KvikUproot is a prototype module for the Uproot library which uses Python bindings to cuFile and nvCOMP provided by the KvikIO library for reading and decompressing the ROOT "TTree" and newer "RNTuple" file formats. CuFile on GPU direct storage (GDS) enabled systems transfers data from storage directly to the GPU. NvCOMP provides a backend for decompressing raw data on the GPU. CuPy, which is nearly a drop-in replacement for Numpy, provides an interface in Python to buffers stored on the GPU. ROOT data is then deserialized into Awkward Arrays with its CUDA backend.
Implementation of cuFile and nvCOMP required a restructuring of Uproot’s current workflow to maximize performance. Currently, chunks of data are sequentially read, decompressed, and deserialized before being concatenated in Uproot. KvikUproot asynchronously reads many chunks of data at a time with cuFile, once read decompresses these chunks in parallel through nvCOMP, and then streams buffer deserialization operations with CuPy. Already, KvikUproot can decrease read times by 20% for TTree and 30% for RNTuple file formats without GDS support.
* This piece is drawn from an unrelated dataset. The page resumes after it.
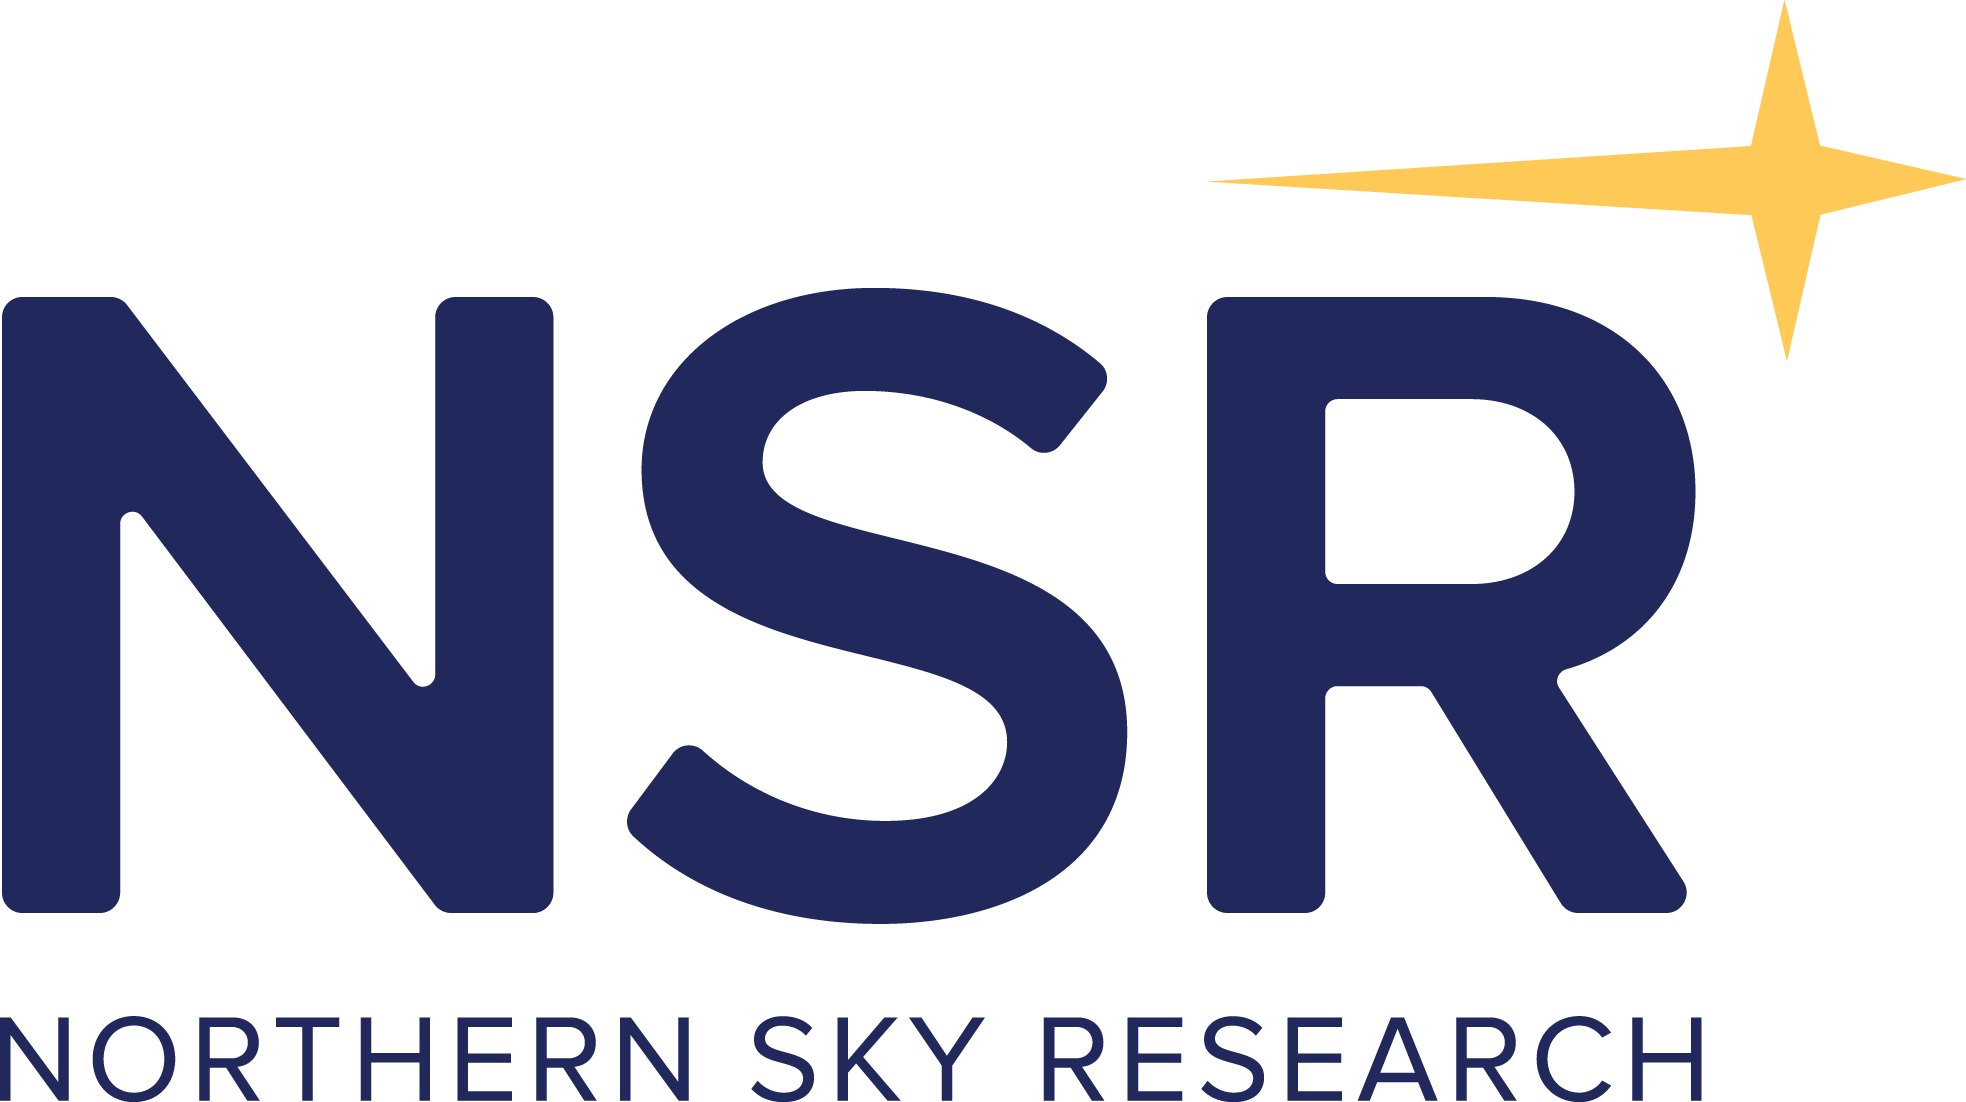 Northern Sky Research Nsr 2019 Satellite Innovation

There are present challenges to adoption of tools such as KvikUproot. Enabling GDS involves multiple hardware and software components with limited support for 3rd party solutions. This requires research and development of our computing infrastructure to fulfill the requirements for activating these high performance features. Additionally, cuFile, nvCOMP, and CuPy are specific to NVIDIA GPUs. Tools similar to KvikUproot for other GPU types must be developed separately to accommodate the diversity of computing resources available.
Despite these challenges, KvikUproot reduces read times of ROOT data without GDS support when compared to Uproot. The continued development of KvikUproot furthers the mission of creating a suite of python tools for HEP physicists to complete analyses completely on the GPU without the CPU bottleneck. There is still development in supporting additional data types, creating a more user-friendly API, and optimizing analysis workflow integration.
I am a physics PhD student at University of Illinois Chicago (UIC) and part of the CMS group there. My areas of research are developing intuitive python tools for accelerating high energy physics analyses and performing measuring entanglement of top quark systems at the LHC.